Abstract
Background & Aims
HIV infection increases the rate of liver disease progression in patients infected with hepatitis C virus (HCV) and could shorten survival times of those awaiting liver transplants. The model for end-stage liver disease (MELD) predicts mortality in HIV-negative transplant candidates, but its reliability in predicting mortality of HIV-positive candidates has not been established.
Methods
We evaluated predictors of pre-transplant mortality in HIV-positive liver transplant candidates enrolled in the Solid Organ Multi-Site Transplant Study (HIVTR), matched 1:5 by age, sex, race, and HCV infection with HIV-negative controls from the United Network of Organ Sharing.
Results
Of 167 HIVTR candidates, 24 died (14.4%); this mortality rate was similar to that of controls 88/792 (11.1%, p=0.30) with no significant difference in causes of mortality. A significantly lower proportion of HIVTR candidates (34.7%) underwent liver transplantation, compared with controls (47.6%, p=0.003). In the multivariate model for the combined cohort, baseline MELD predicted pre-transplant mortality (hazard ratio [HR] 1.27, p<0.0001), whereas HIV infection was not significantly associated with increased risk of pre-transplant mortality (HR=1.69, p=0.20). After controlling for pre-transplant CD4+ cell count and HIV RNA levels, the only significant predictor of mortality in the HIV-infected subjects was pre-transplant MELD (HR 1.2, p<0.0001).
Conclusions
Pre-transplant mortality characteristics are similar between HIV-positive and HIV-negative candidates. Although lower CD4+ cell counts and detectable levels of HIV RNA might be associated with a higher rate of pre-transplant mortality, the baseline MELD score was the only significant independent predictor of pre-transplant mortality in HIV-infected liver transplant candidates.

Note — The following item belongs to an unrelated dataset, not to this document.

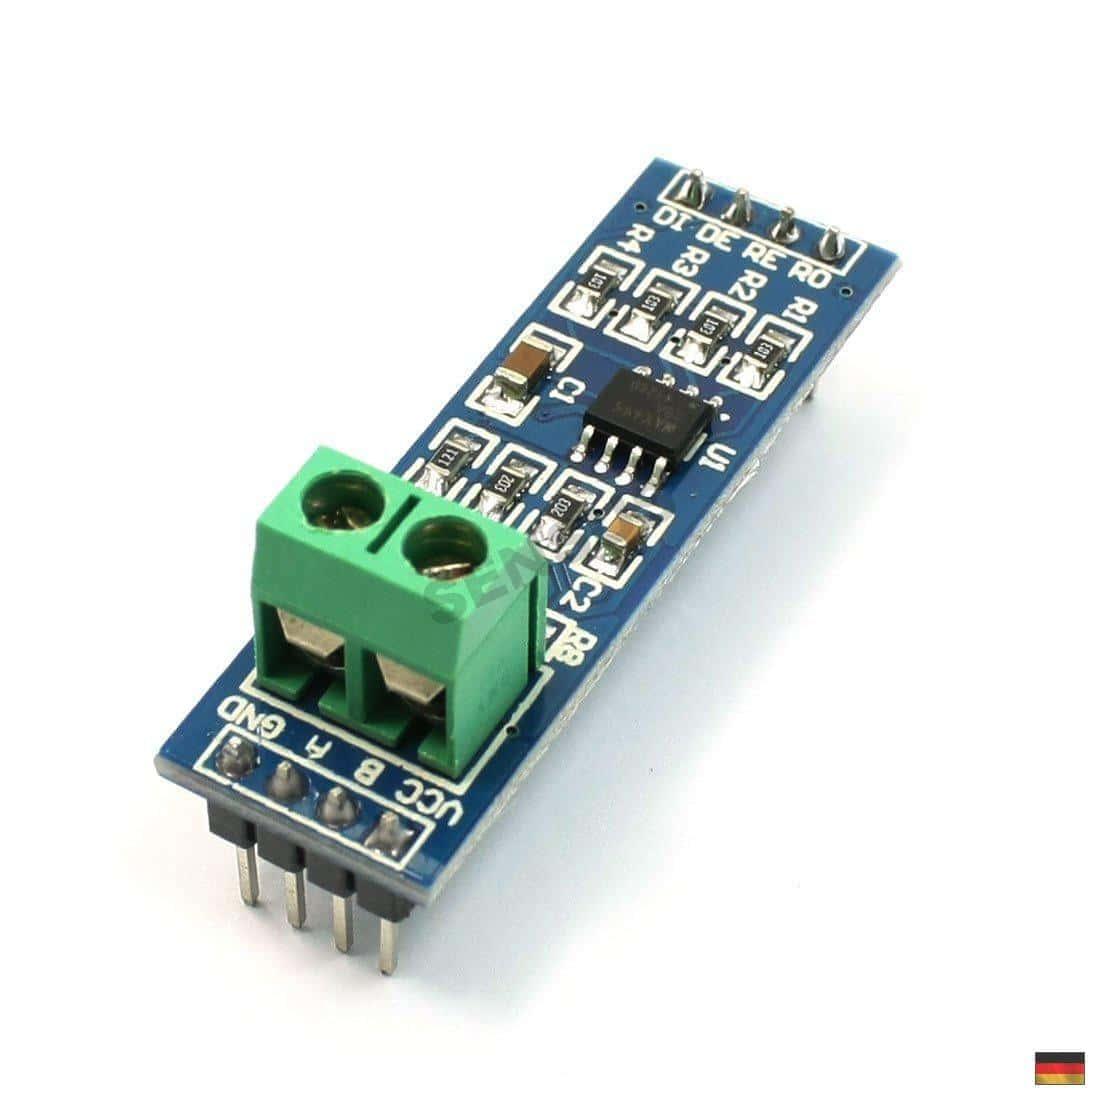 ttl rs 485 konverter modul max485 adapter bus modbus. Black Bedroom Furniture Sets. Home Design Ideas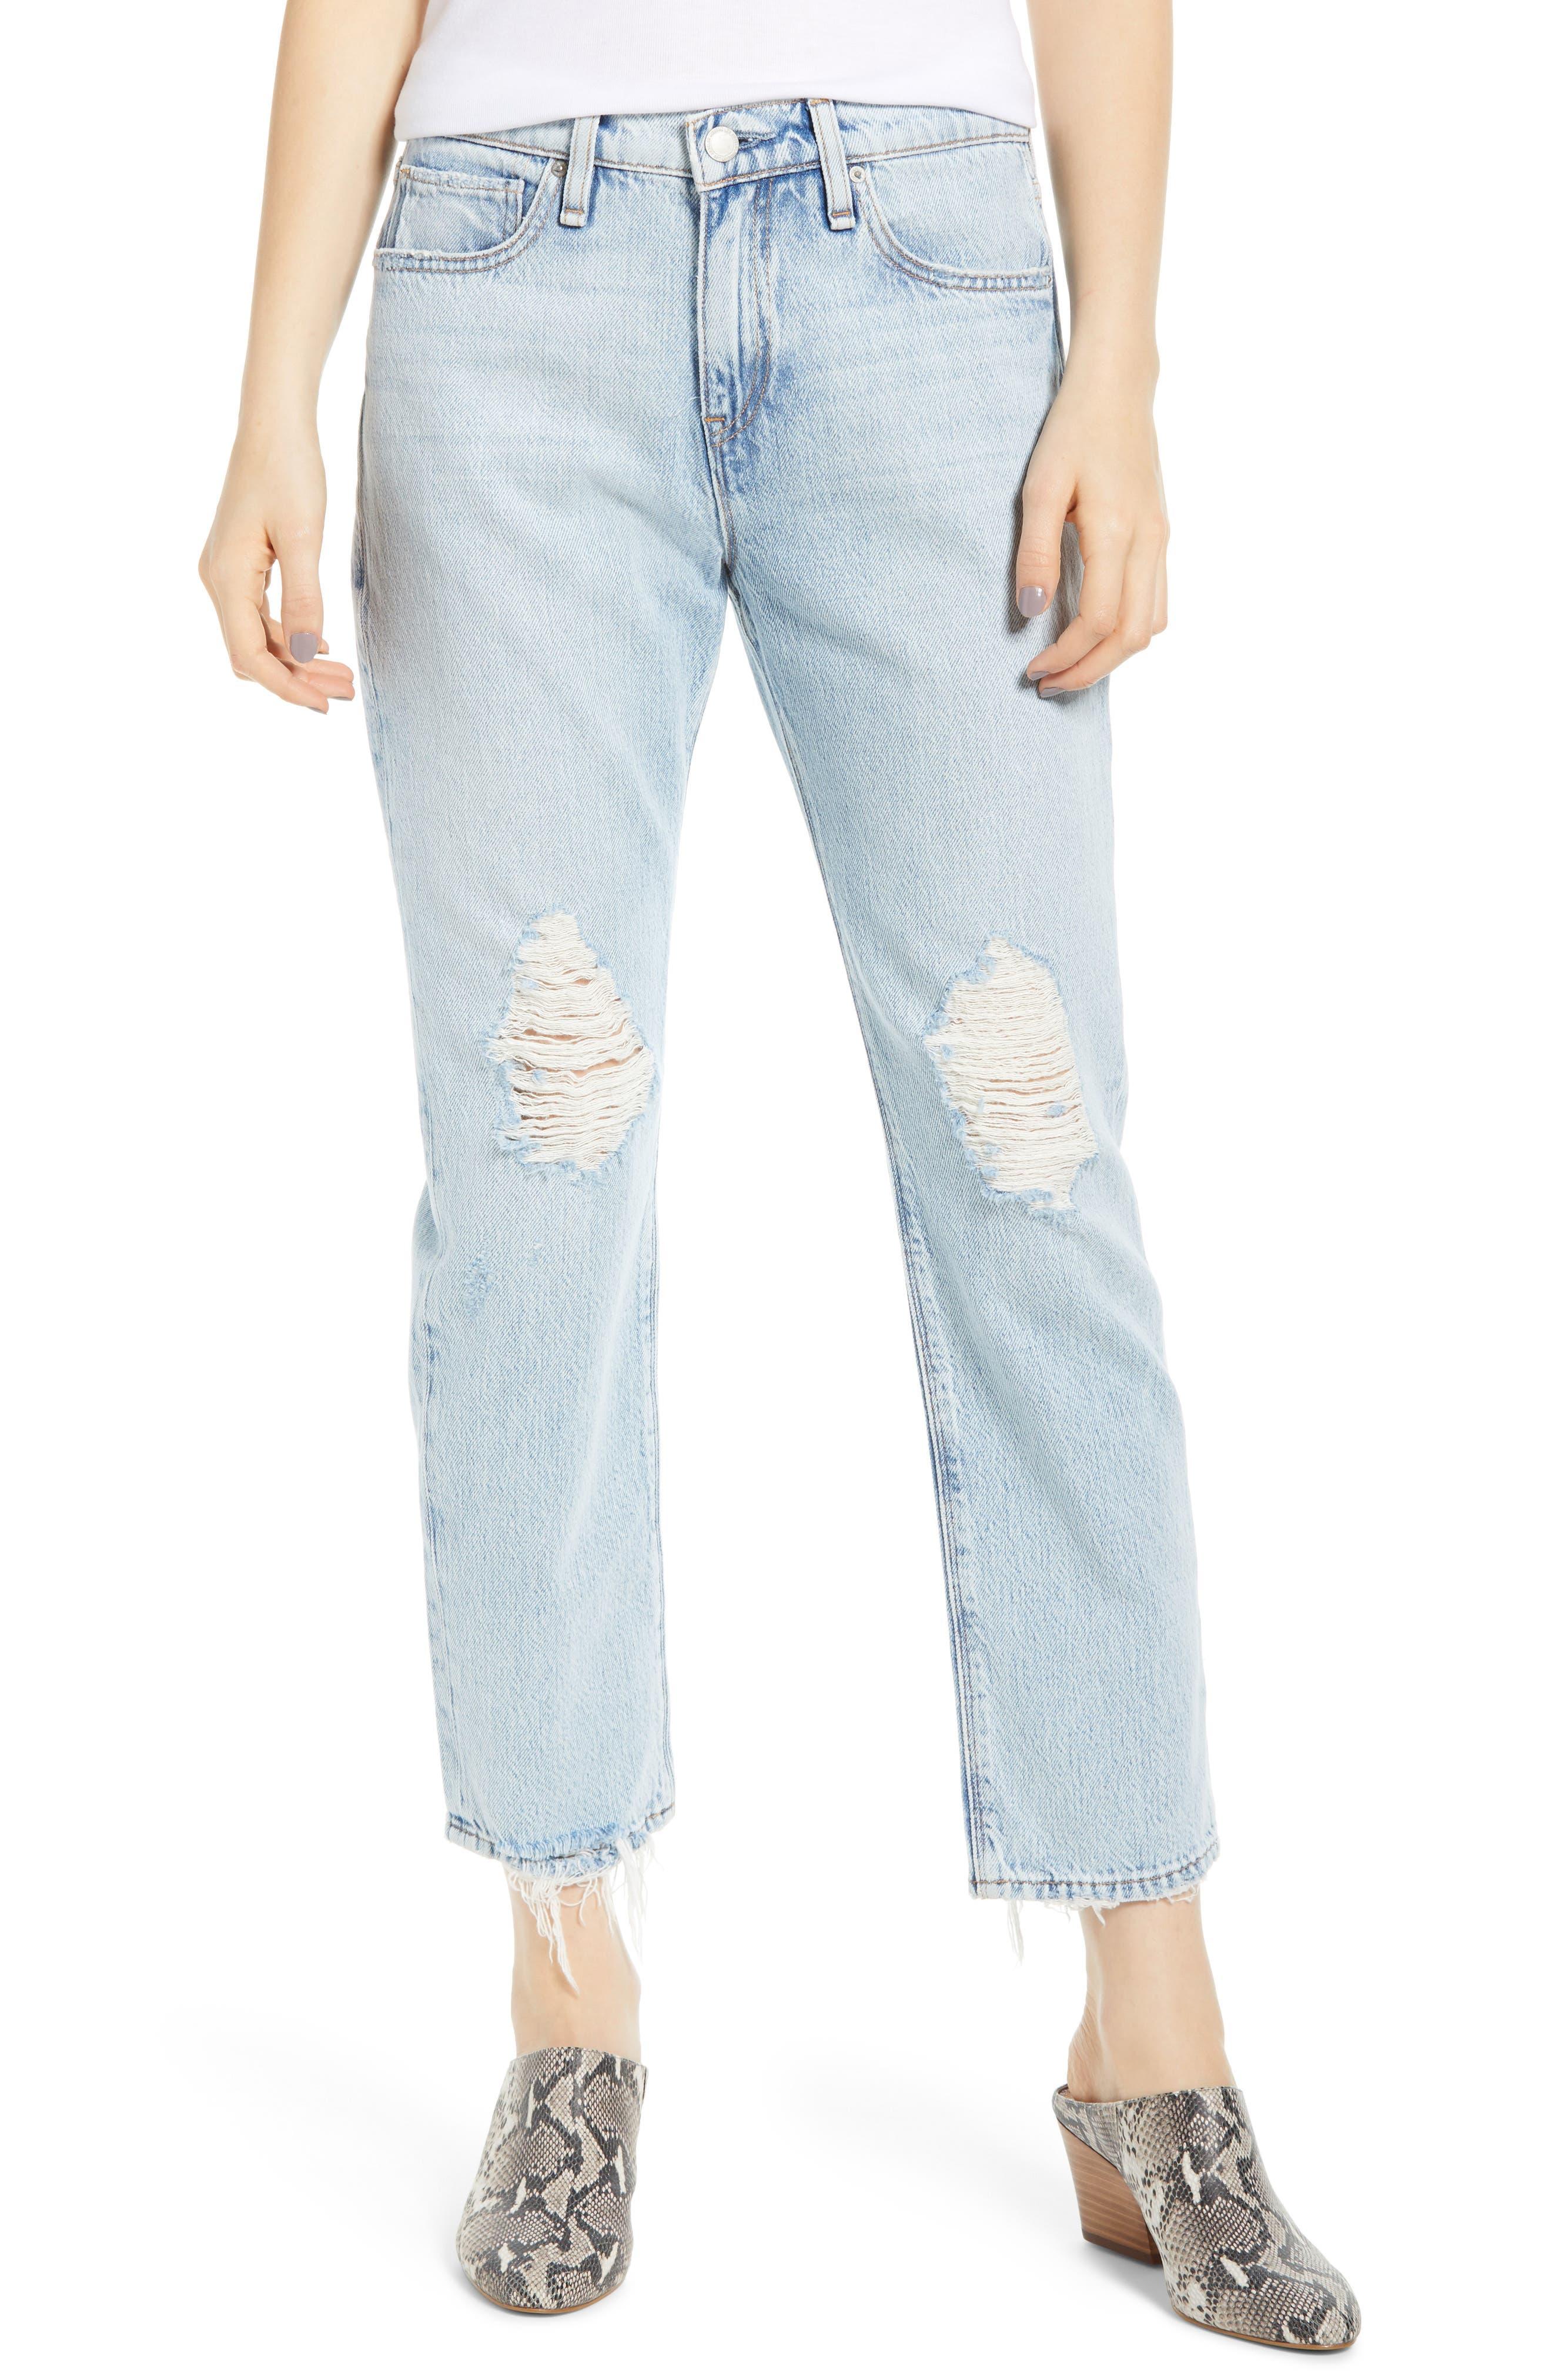 HUDSON JEANS Jessi Ripped Crop Boyfriend Jeans, Main, color, SAVE TONIGHT

Keywords: AIDS, cirrhosis, liver transplantation, hepatitis C, HIV/HCV co-infection
Introduction
Among individuals with HIV-infection, liver-related death is the most frequent cause of non-AIDS related death (1,2) primarily related to complications of chronic hepatitis B virus (HBV) or hepatitis C virus (HCV) co-infection, as well as hepatoxicity associated with antiretroviral therapy and alcohol use (3–5). Given the improved survival now possible with use of highly active anti-retroviral therapy (HAART), many long-term HIV-infected individuals are developing end-stage liver disease (ESLD) and increasingly being considered for liver transplantation.
Transplant programs have adopted the model for end-stage liver disease (MELD), which was established in HIV-uninfected patients and incorporates creatinine, bilirubin, and INR, to estimate prognosis and determine the medical urgency for liver transplantation, ensuring the appropriate organ allocation to those with the highest risk of death (6). While MELD has been validated as a predictor of survival in a wide variety of patients with ESLD (6,7), no data exist regarding its use in HIV-infected patients with ESLD in whom other factors (e.g., HIV disease stage, CD4 cell count and antiretroviral therapy) may be important predictors of mortality. This is of concern, as HIV-infected patients with ESLD have a shortened survival compared to HIV negative patients with similar MELD scores (8) Previous studies have suggested, in fact, that predictors of mortality used for organ allocation in HIV(−) liver transplant candidates may not be valid in their HIV(+) counterparts (8–11). Thus, it is timely to define predictors of mortality in HIV(+) transplant candidates to optimize organ allocation and clinical outcomes in this group.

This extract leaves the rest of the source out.